Since the objective function is unlikely to converge completely, we limit the number of iterations. Our total cost has fallen below 0.5, which is a good indicator that the algorithm is working properly. Let's use the parameters it finds and forward it through the network to get some predictions.


Let's use the parameters it finds and propagate it forward through the network to obtain predictions.


In [20]:
X = np.matrix(X)
val1 = np.matrix(np.reshape(fmin.x[:hidden_size * (input_size + 1)], (hidden_size, (input_size + 1))))
val2 = np.matrix(np.reshape(fmin.x[hidden_size * (input_size + 1):], (num_labels, (hidden_size + 1))))
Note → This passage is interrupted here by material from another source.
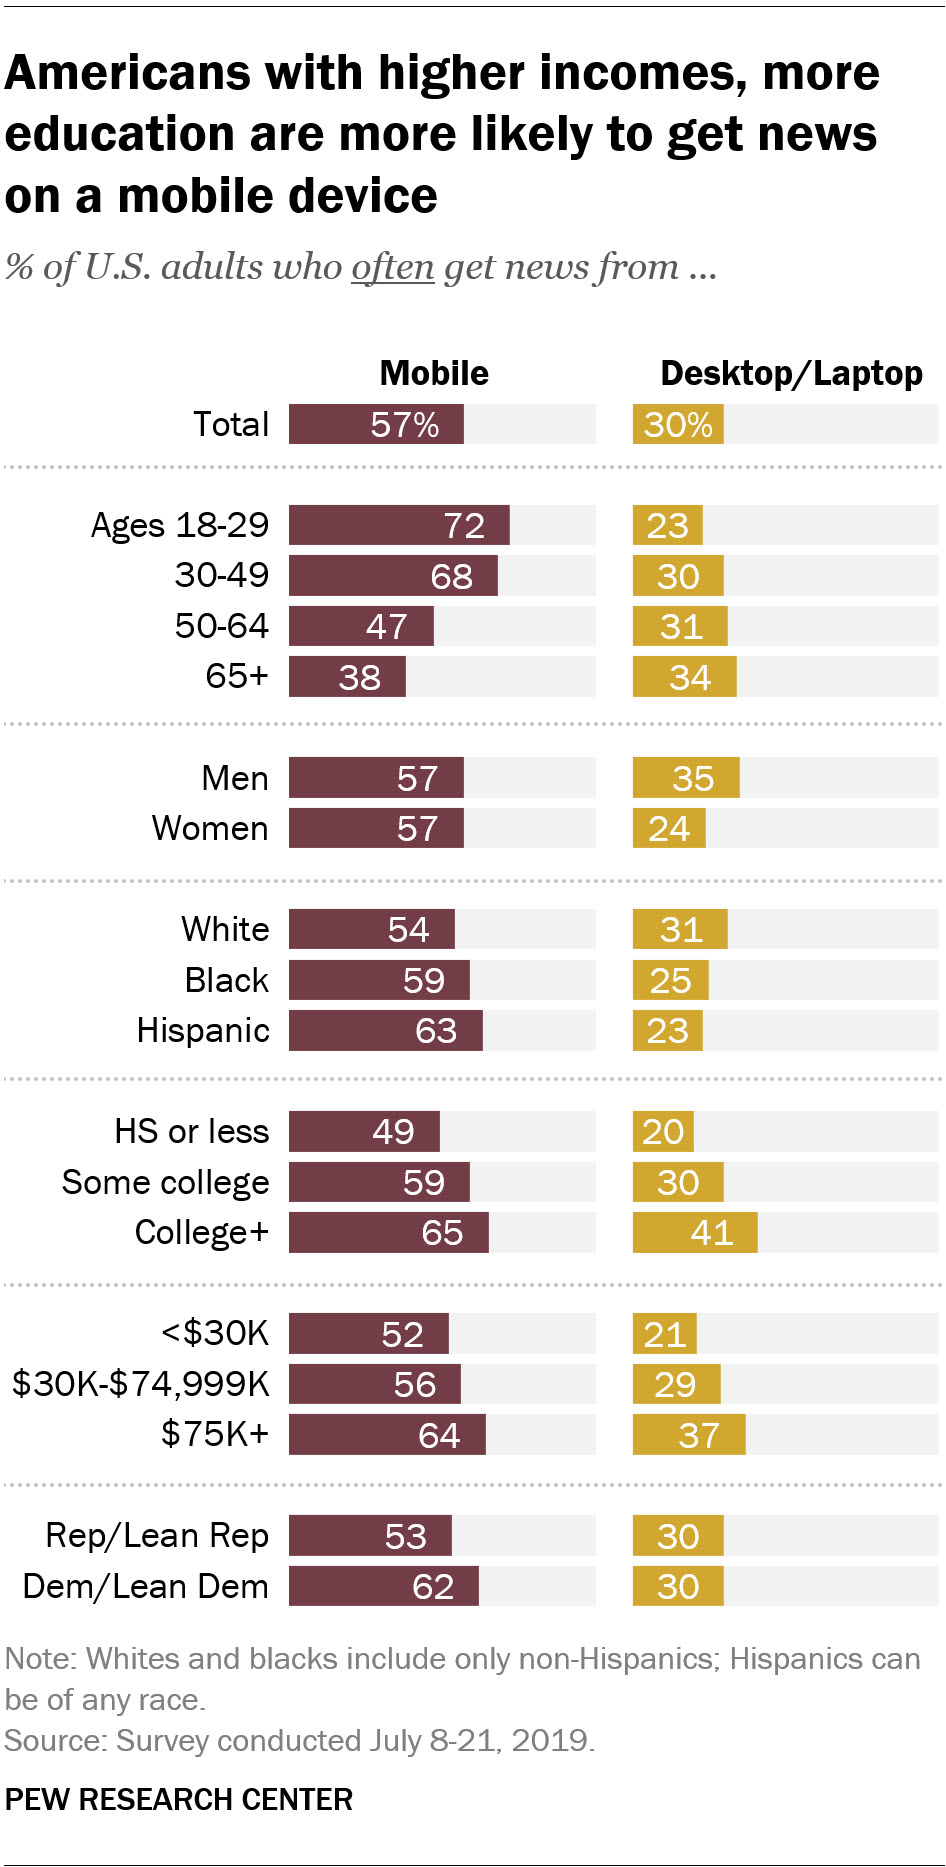 Americans with higher incomes, more education are more likely to get news on a mobile device
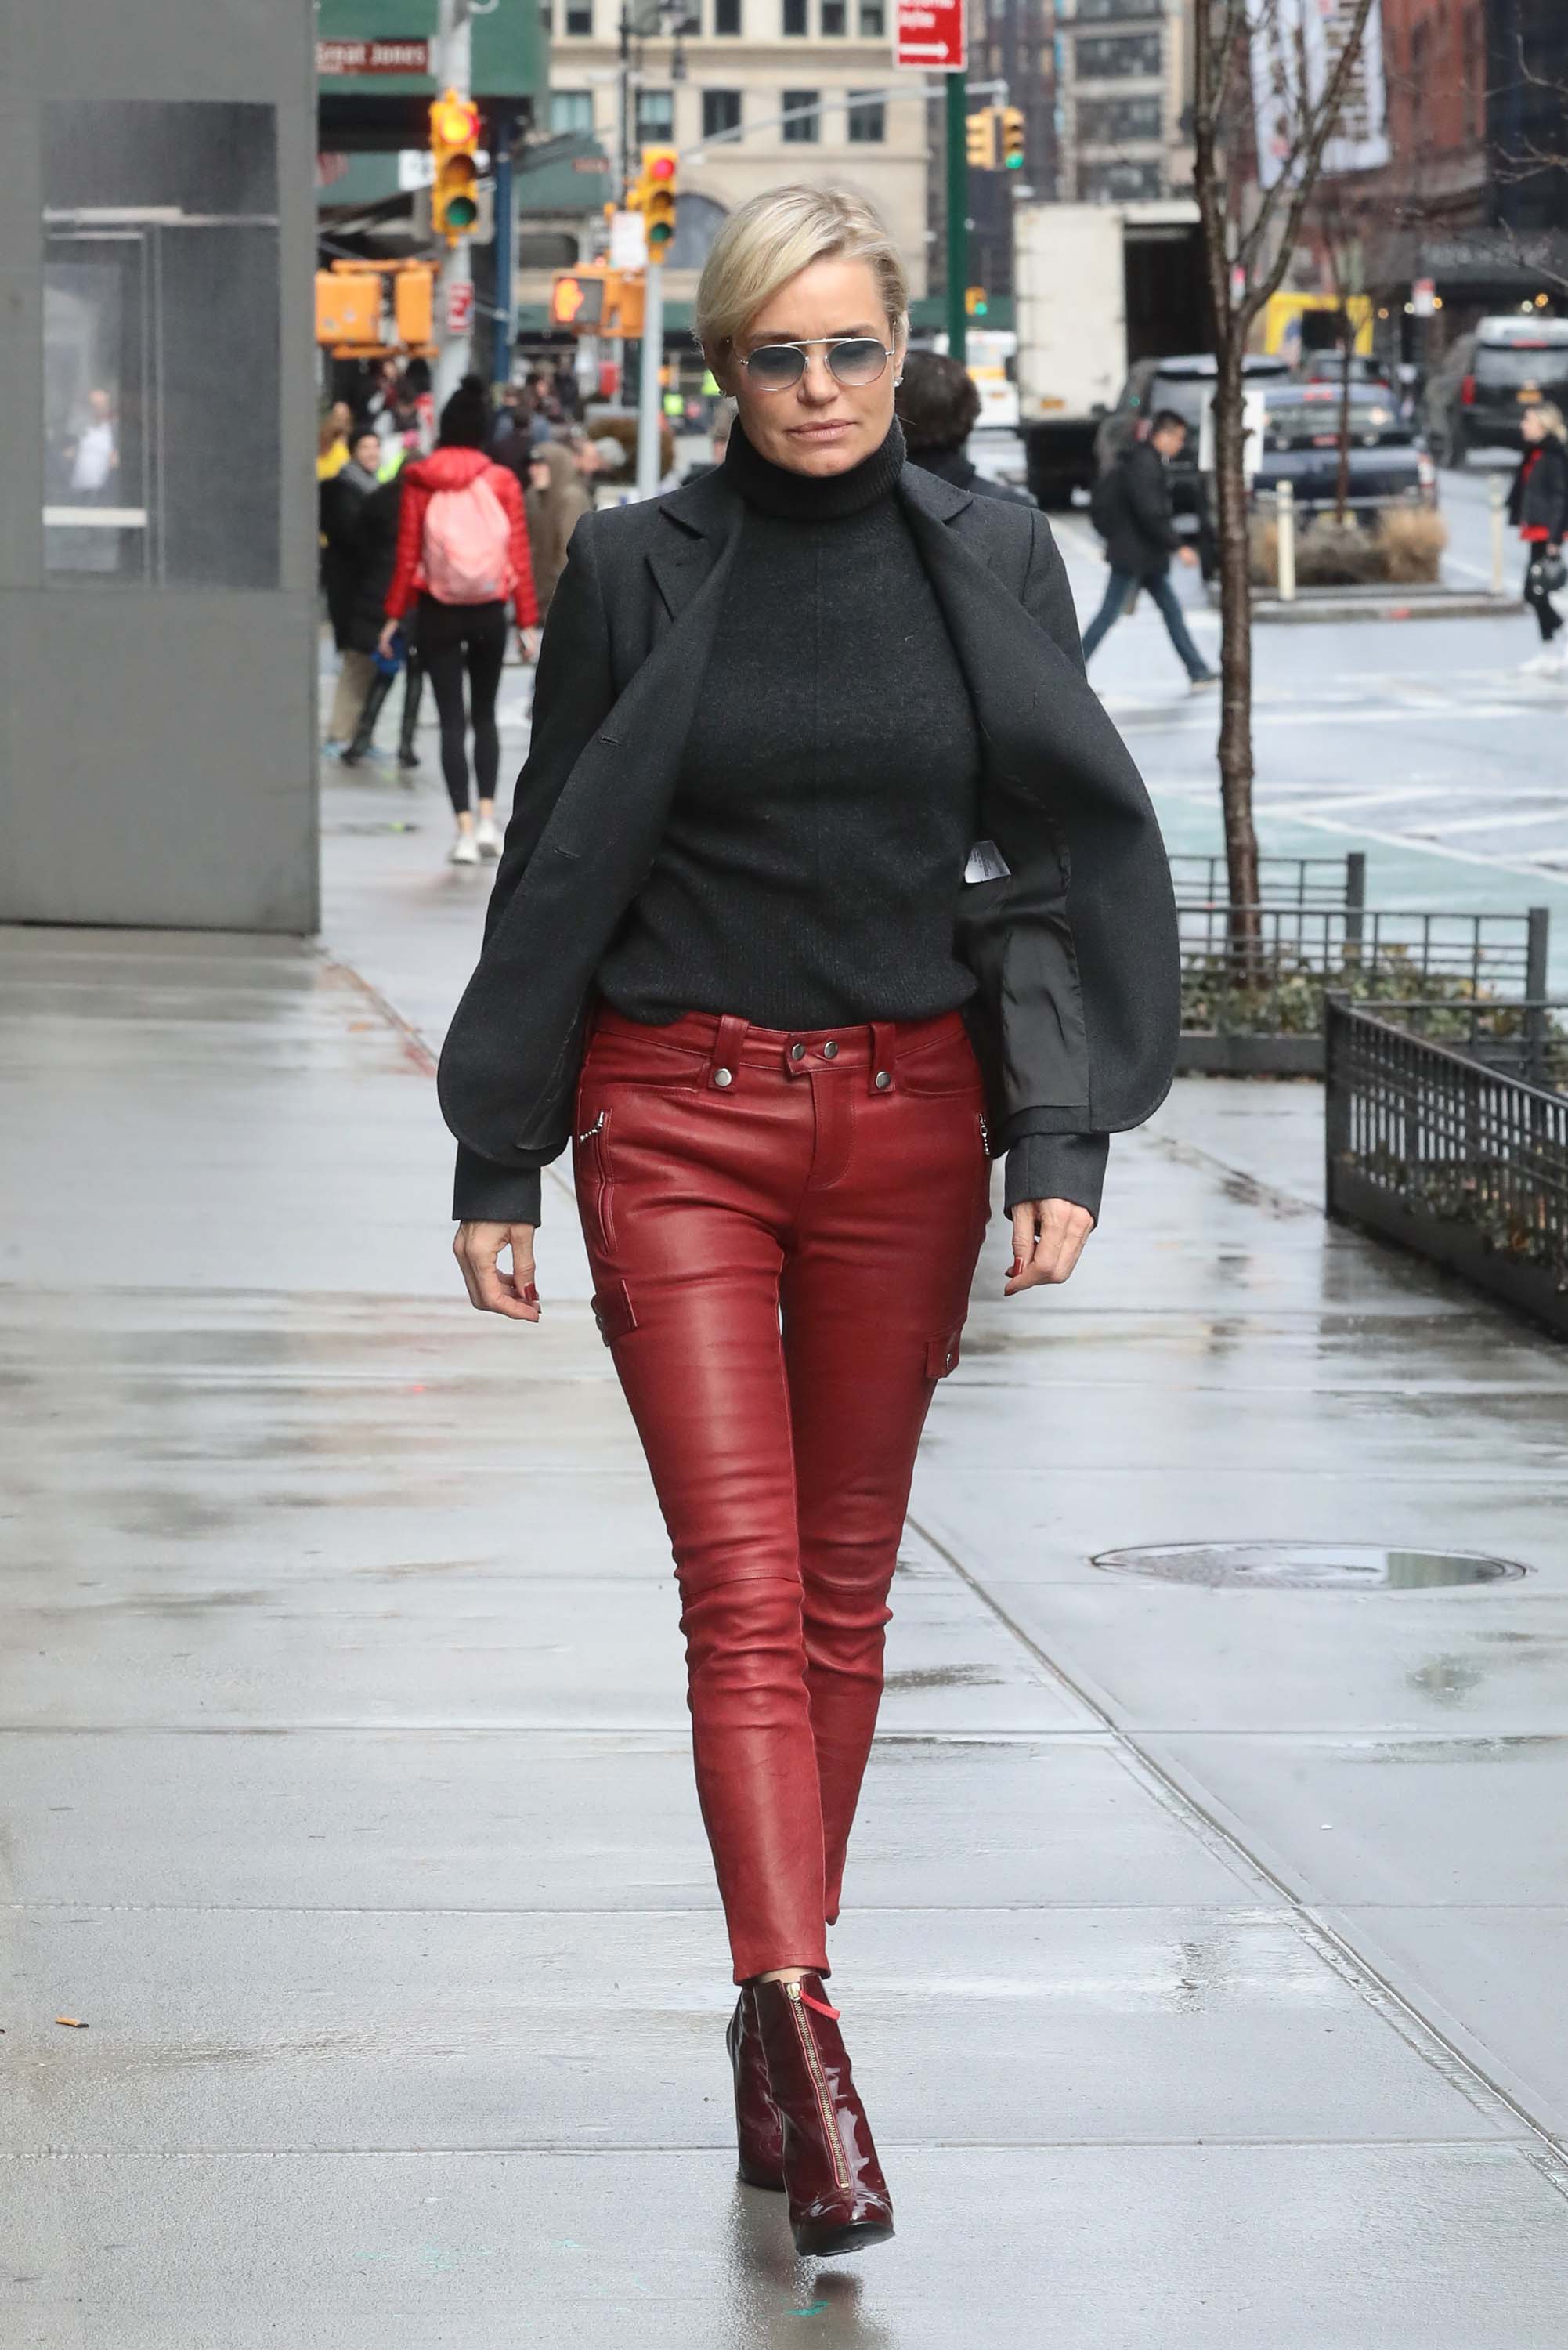 Yolanda Hadid out & about in NYC

a1, z2, a2, z3, h = forward_propagate(X, val1, val2)
y_pred = np.array(np.argmax(h, axis=1) + 1)
y_pred


array([[10],
       [10],
       [10],
       ...,
       [ 9],
       [ 9],
       [ 9]])

Finally, we can calculate the accuracy and see how well the neural network we have trained performs.


In [21]:
correct = [1 if a == b else 0 for (a,b) in zip(y_pred, y)]
accuracy = (sum(map(int, correct)) / float(len(correct)))
print('accuracy = {0}%'.format(accuracy * 100))

accuracy = 98.28%


We have successfully implemented a basic backpropagation neural network and used it to classify handwritten digital images.